PROBLEM REQUIREMENTS >> When the line with "Tayler 3-C Trousers" turns up below, begin repeating exactly, and carry on through the line with "MIXED LOT - TO"; no pictures go into the copy.

DATA SUPPLIED >>
--
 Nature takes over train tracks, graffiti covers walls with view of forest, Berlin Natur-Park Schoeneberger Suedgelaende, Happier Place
--
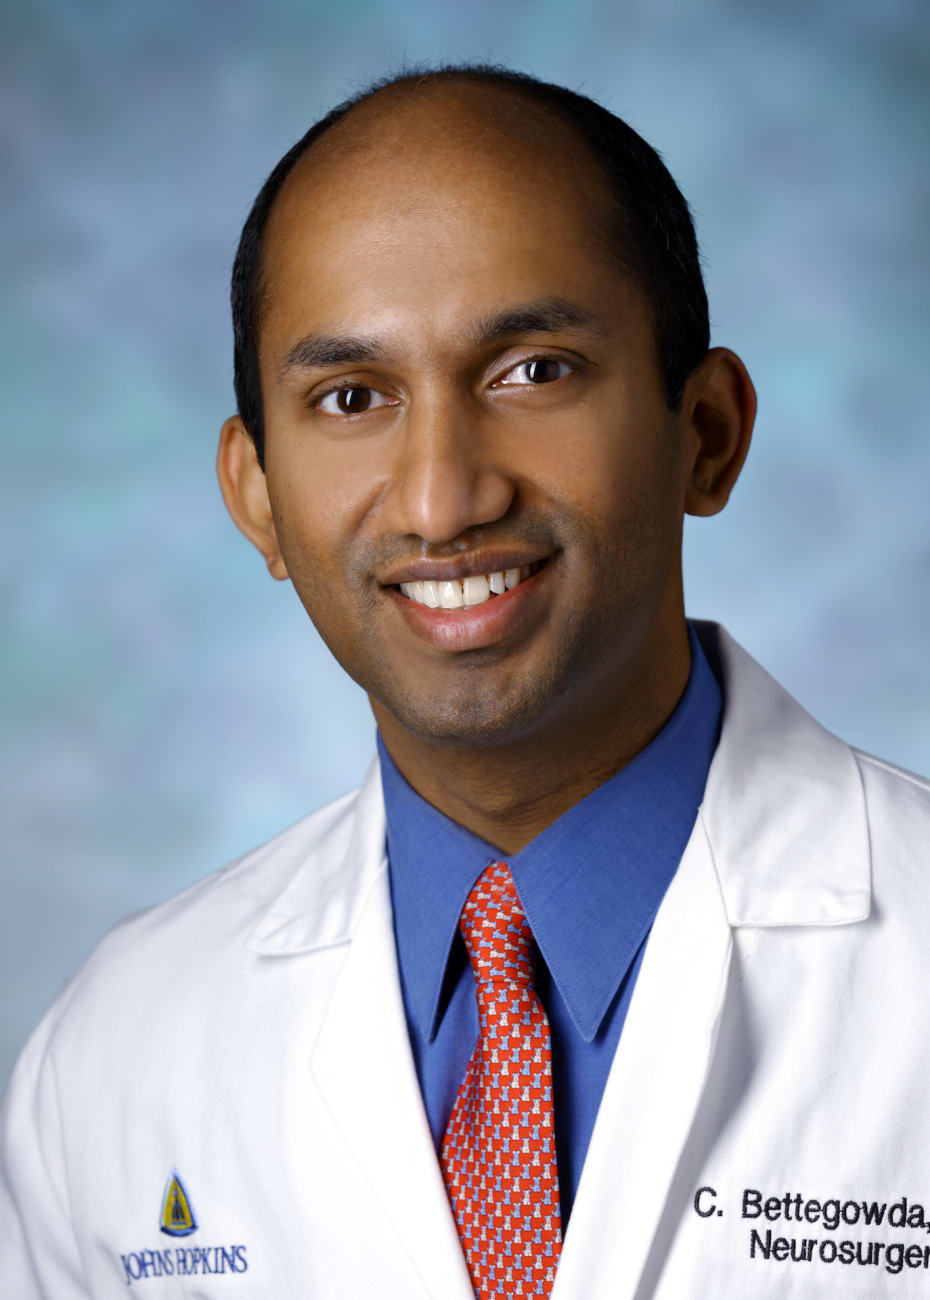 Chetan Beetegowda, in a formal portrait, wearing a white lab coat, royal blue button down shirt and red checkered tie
--
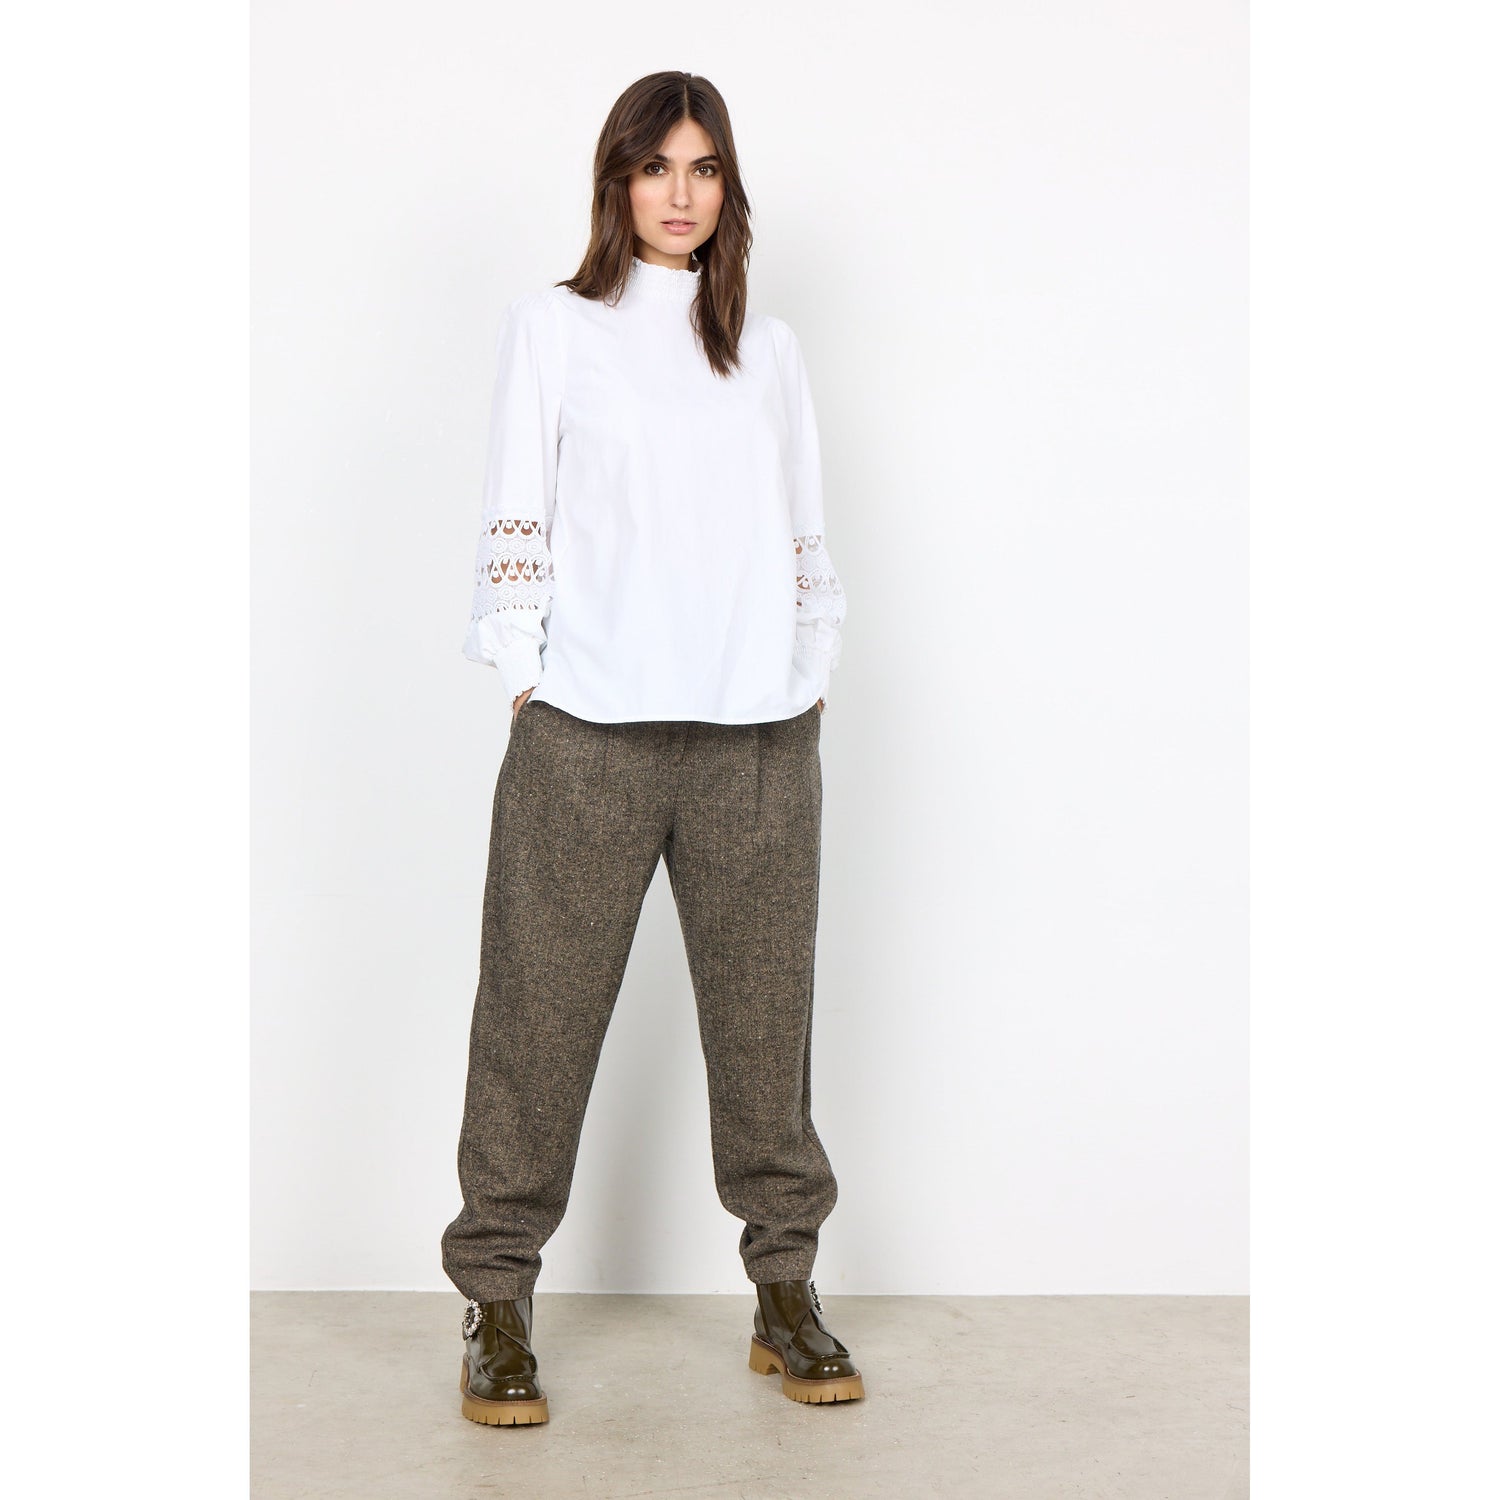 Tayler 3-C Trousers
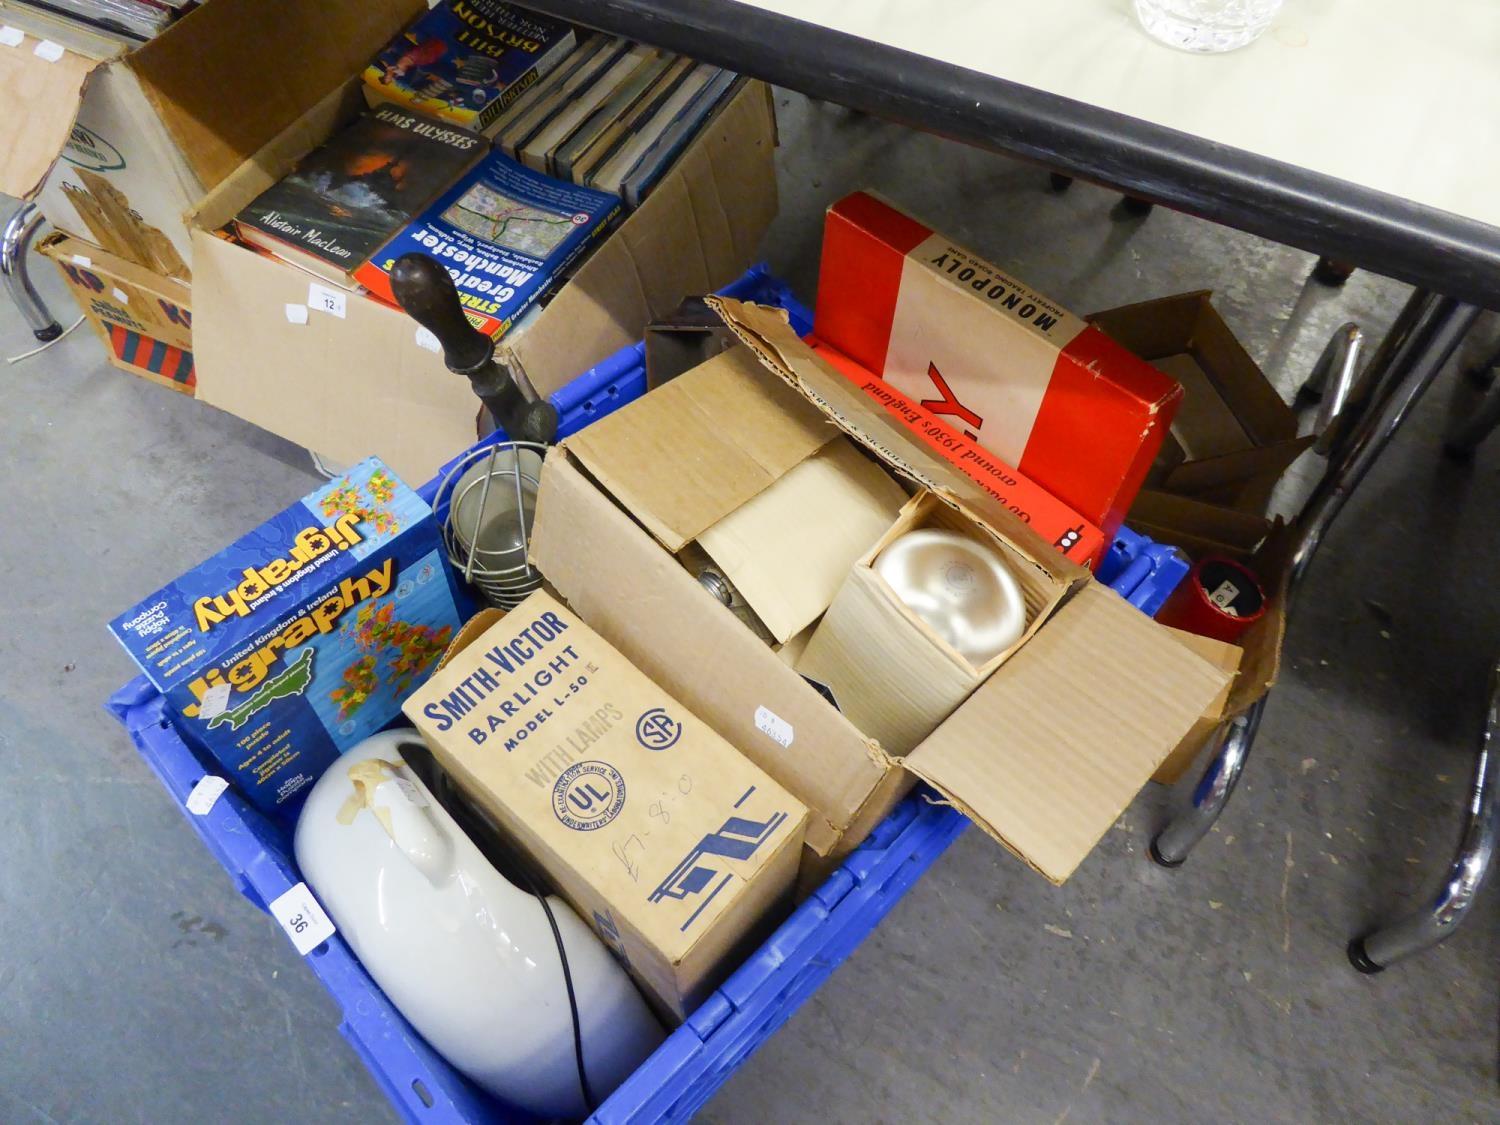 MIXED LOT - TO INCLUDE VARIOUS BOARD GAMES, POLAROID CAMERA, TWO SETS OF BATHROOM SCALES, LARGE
--
EXERCISE RESULT >>
 Tayler 3-C Trousers
 MIXED LOT - TO INCLUDE VARIOUS BOARD GAMES, POLAROID CAMERA, TWO SETS OF BATHROOM SCALES, LARGE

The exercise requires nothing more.